Edited to reflect changes recommended by jrodman.
Regex works in tester, but not in Splunk.
First, I agree with jrodman that there are some syntax issues.
Also, it sounds like you actually want to keep specific events while discarding the rest, rather than discarding specific events and keeping everything else, as the link you provided leads me to. Do you maybe need this link? http://www.splunk.com/base/Documentation/4.1.6/Admin/Routeandfilterdata#Keep_specific_events_and_dis...
Ah, I'm following now.
If I were only concerned with syslog from the VM hosts you wold be correct. However, there are a lot of syslog inputs for switches, routers, etc. that I want to leave untouched. Obviously there is some sort of error in the regex. It seems that using the caret to anchor to the beginning of the event as Josh suggested should be the answer, but I can't get it to work outside of the tester.
I'm a bit distrustful of the capital S in Source::udp://514. Also, I thought events should have udp:514 as their source, without slashes. You should check in the search UI.
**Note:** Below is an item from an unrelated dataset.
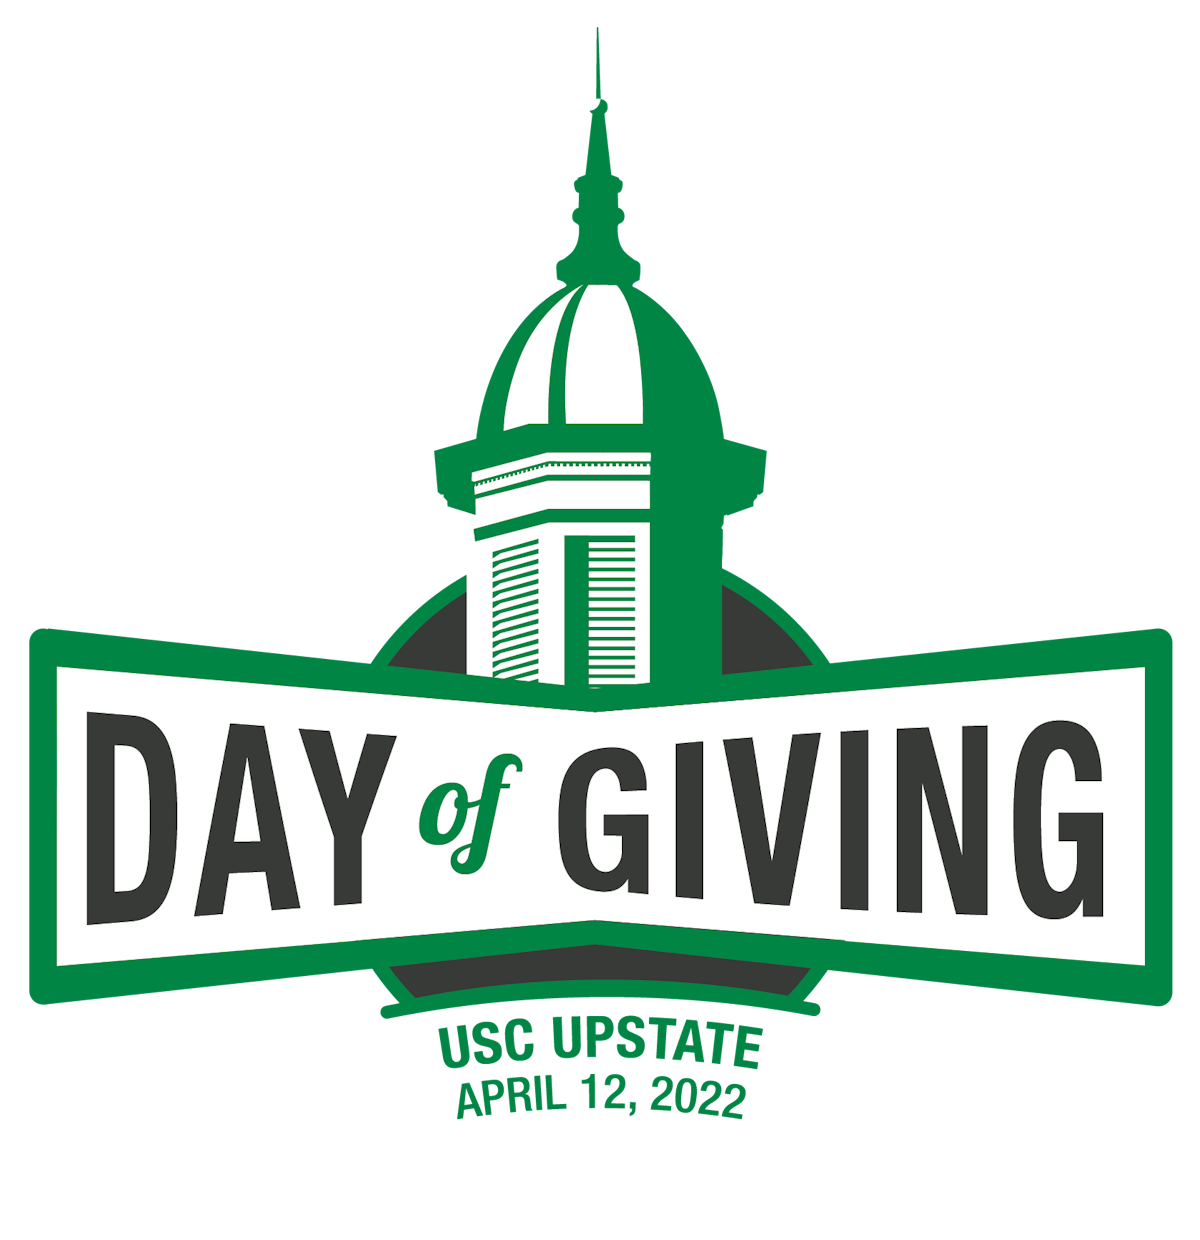 USC Upstate Day of Giving

We may default to using _raw as the source key, but I've always set it explicitly. SOURCE_KEY=_raw in the transform.
I'm pretty baffled about the \n. Do your single syslog events actually have linebreaks in them? I would bet they don't.
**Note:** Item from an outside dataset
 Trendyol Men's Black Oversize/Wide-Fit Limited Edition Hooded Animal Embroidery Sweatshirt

TRANSFORMS-foo=a,b,c,d says to use all four of those. Then TRANSFORMS-bar=e says to use that one too.
OK, got it -- again -- there is not a direct relationship between inputs.conf and props.conf. Found a correctly formatted entry for udp:514 already in props, already using a transform. I added my transform to it. Are multiple transforms for the same source allowable? See above edit.
That's the documentation for inputs.conf. Props.conf syntax is source::the_source_string where your source string is udp:514. Maybe we should explicitly document how the source string is formatted for these events, but I prefer simply checking search results.
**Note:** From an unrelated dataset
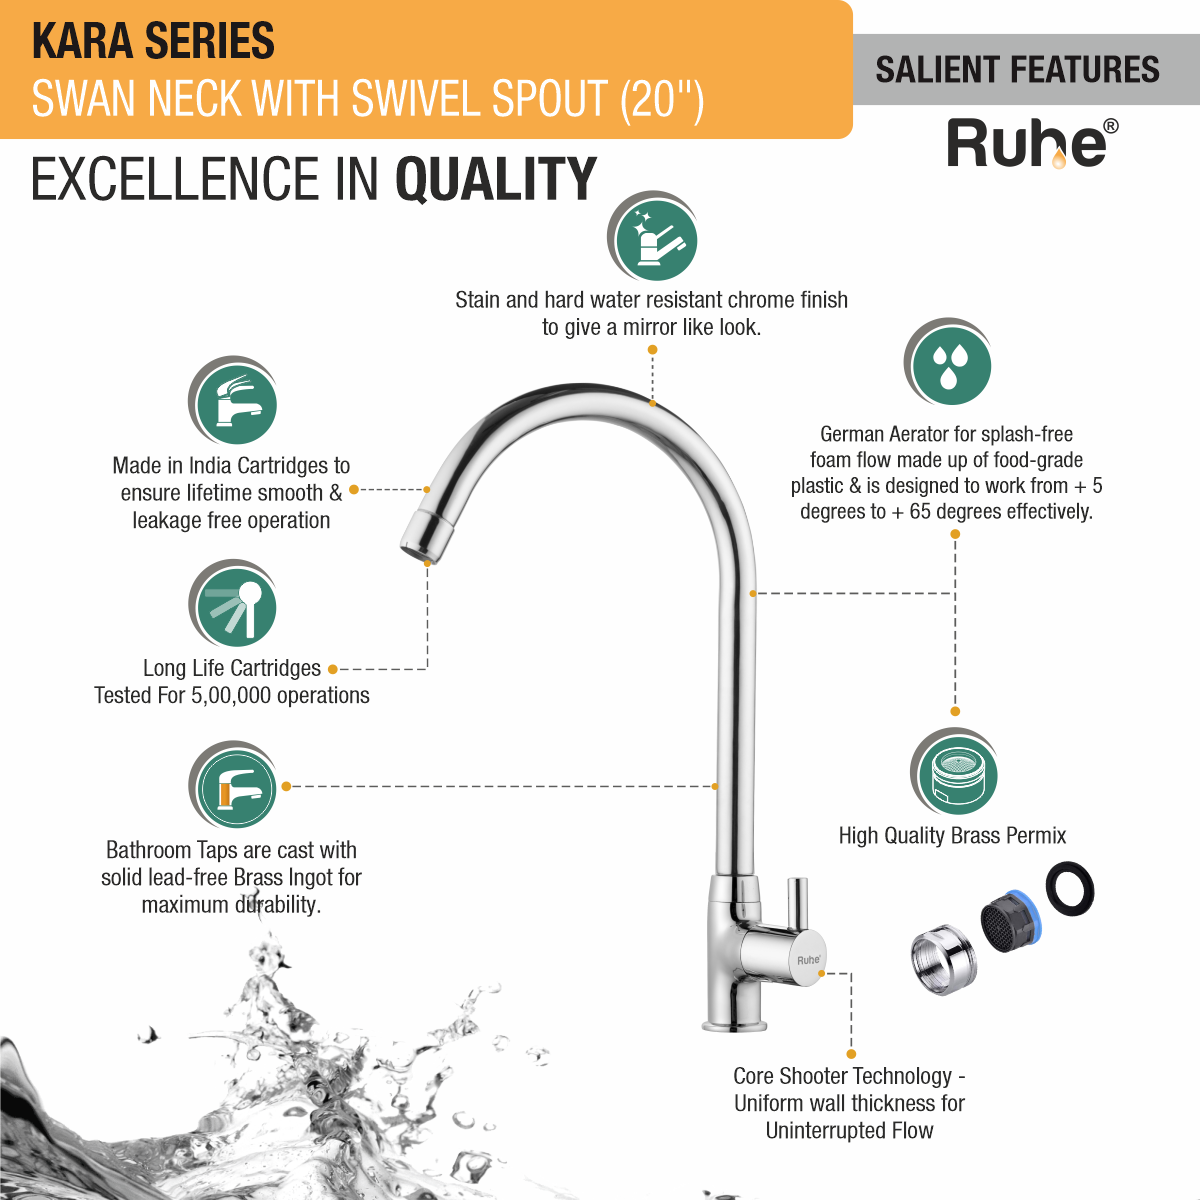 Kara Swan Neck with Large (20 inches) Round Swivel Spout Faucet features

RE udp:..514 -- You are correct. In the search UI the source does not show slashes. However, the syntax is inline with that given in the manual: http://www.splunk.com/base/Documentation/4.1.6/Admin/Inputsconf
That explains why the tester only gets the first occurrence if the partial IP is in the first line of the test block, but not why it doesn't work in Splunk.
btw, case of "source::udp://514" has been fixed
Okay, but splunk isn't applying the regex to the whole file, it's applying it to each event. In fact, from splunk's perspective there isn't a file at all, because the data is arriving as udp packets.
When working in the tester (^.{16}) returns only the first 16 characters of the entire test block -- not the first 16 of each line.
^ did not work in the tester, but I tried it in Splunk anyway.
Did not work.
UDP syslog events aren't split by newlines, but by packets, so there's no newline even on the wire. In splunk, we cut on newlines in the LINE_BREAKER, so they're typically still not available except for multiline events. Use the ^ character for the beginning of your event.
I'm just using \n to anchor to the beginning of the event -- I only want the IP address if it begins at position 17.
I don't understand the comment about source key.